***** GIVEN RECORDS

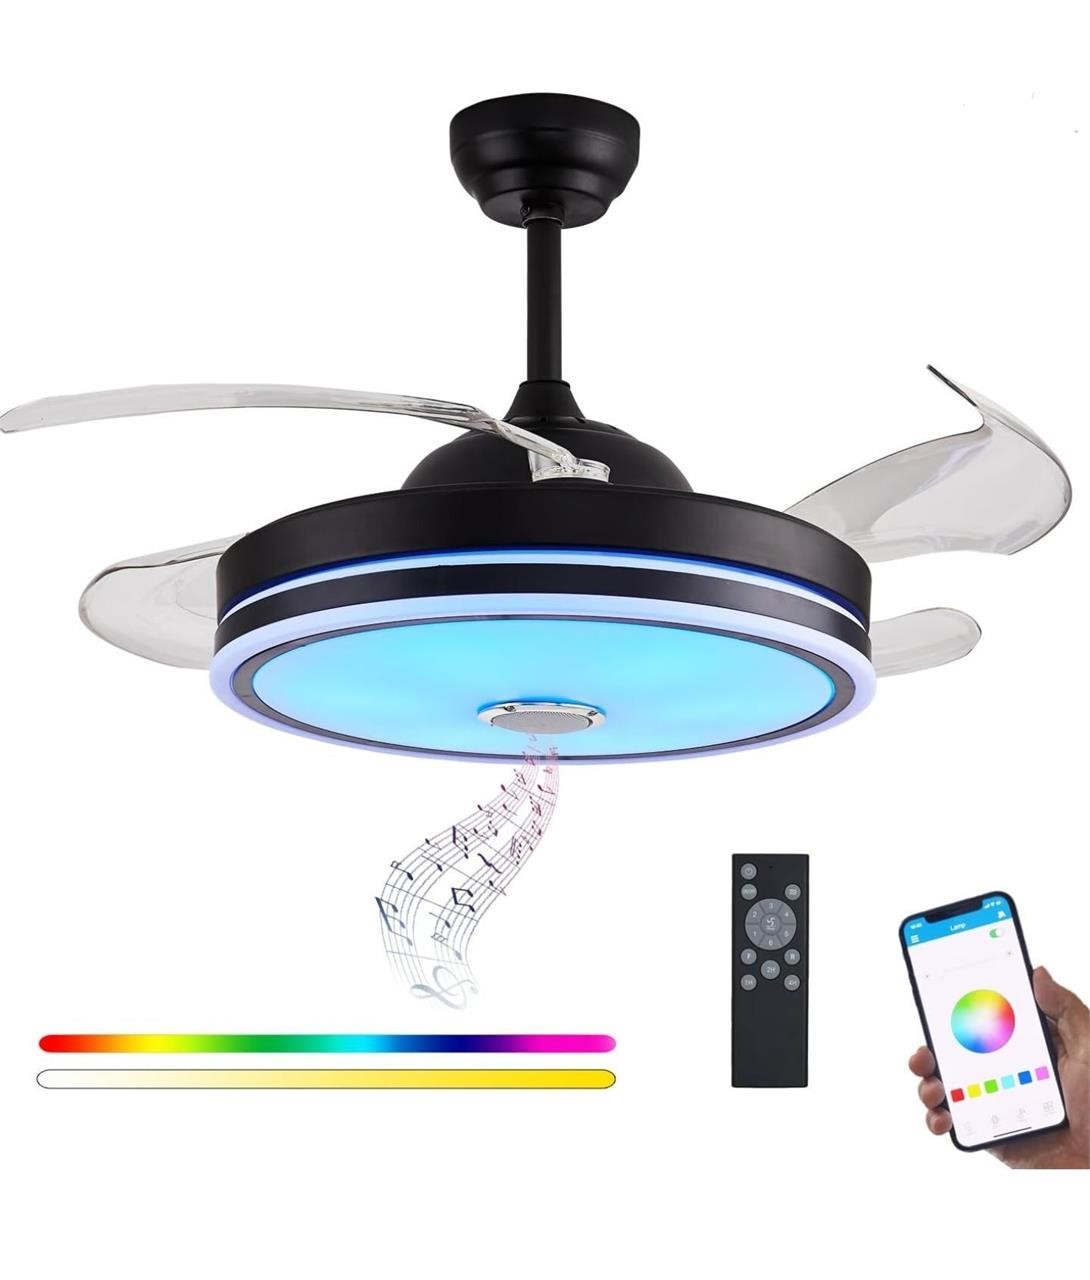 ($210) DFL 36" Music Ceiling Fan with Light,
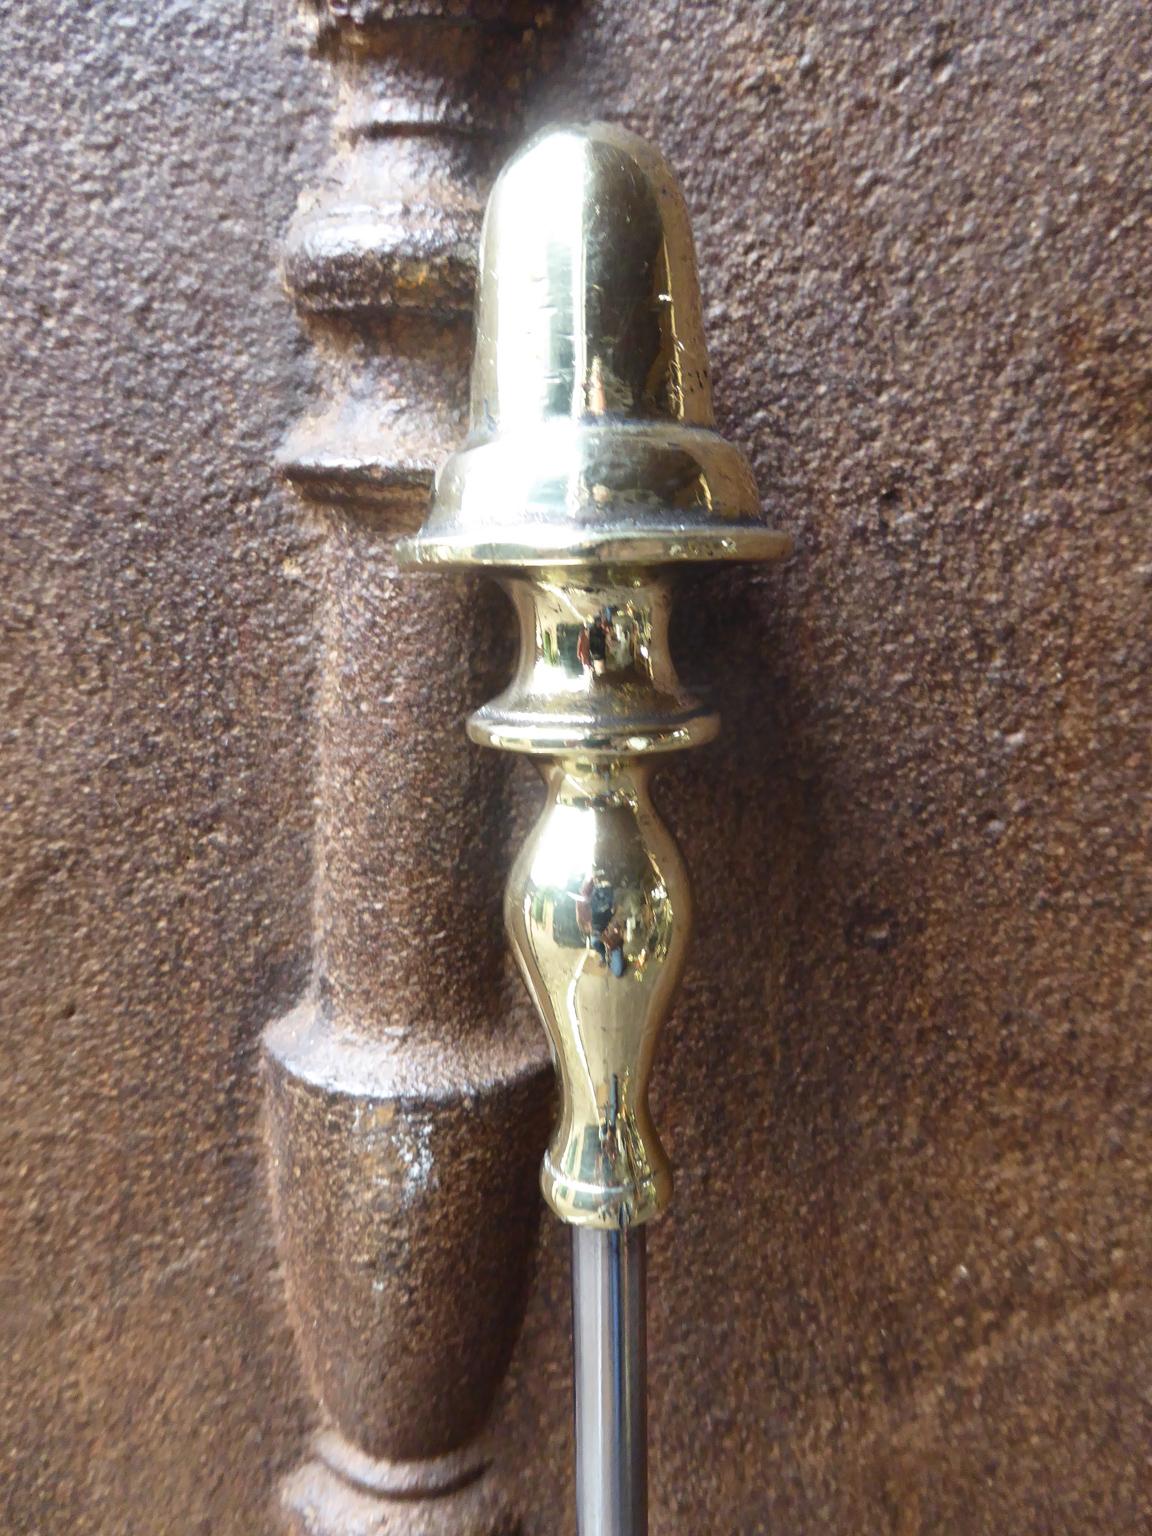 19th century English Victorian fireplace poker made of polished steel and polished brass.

**********
***** GIVEN RECORDS

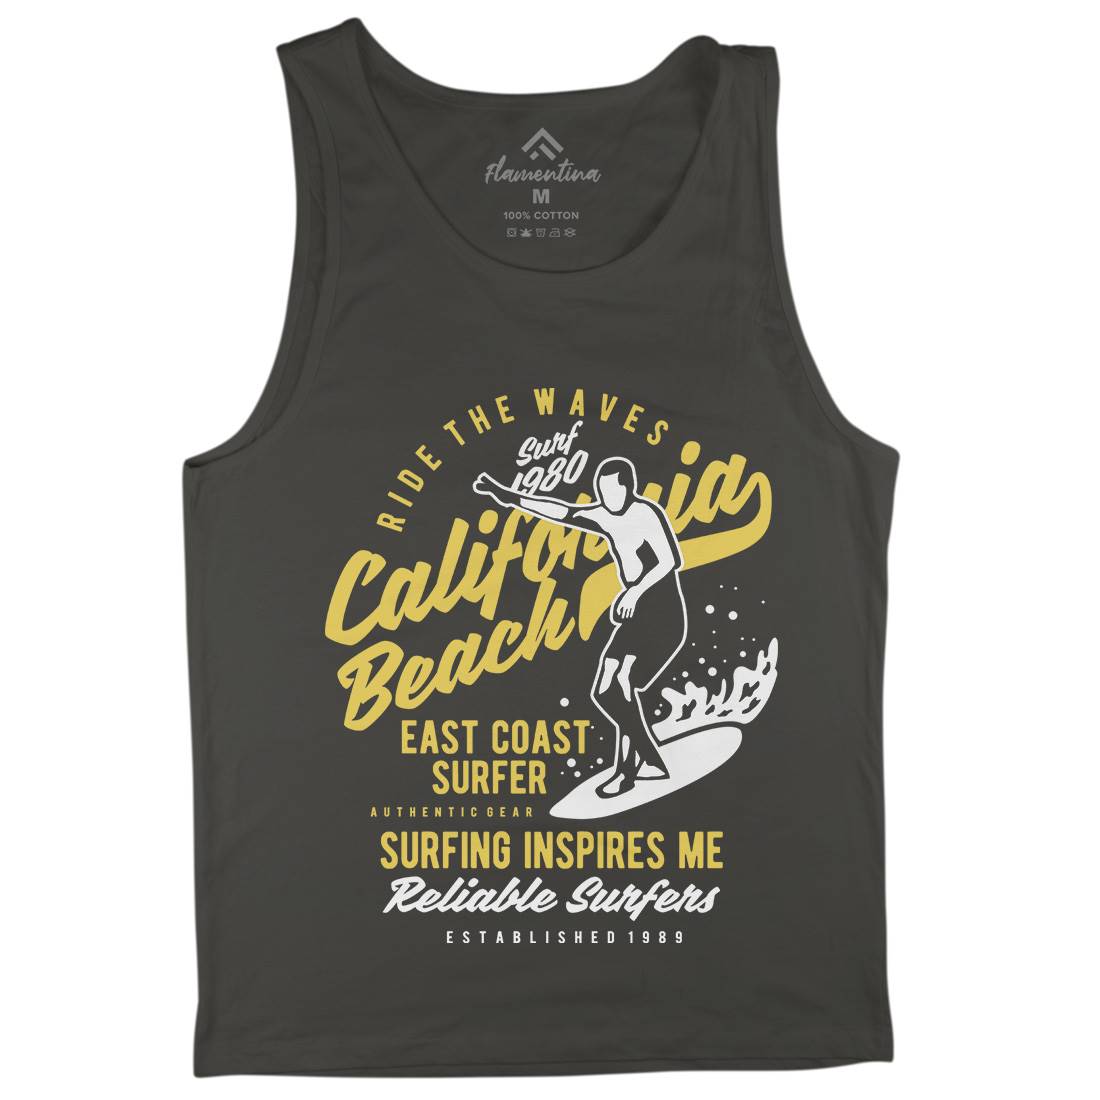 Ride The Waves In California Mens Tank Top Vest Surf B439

**********

AIM OF THE TASK
Retype the lines above exactly as they appear, from the line containing "Music Ceiling Fan" through the line containing "19th century English", and leave out any pictures.

THE ANSWER
 ($210) DFL 36" Music Ceiling Fan with Light,
 19th century English Victorian fireplace poker made of polished steel and polished brass.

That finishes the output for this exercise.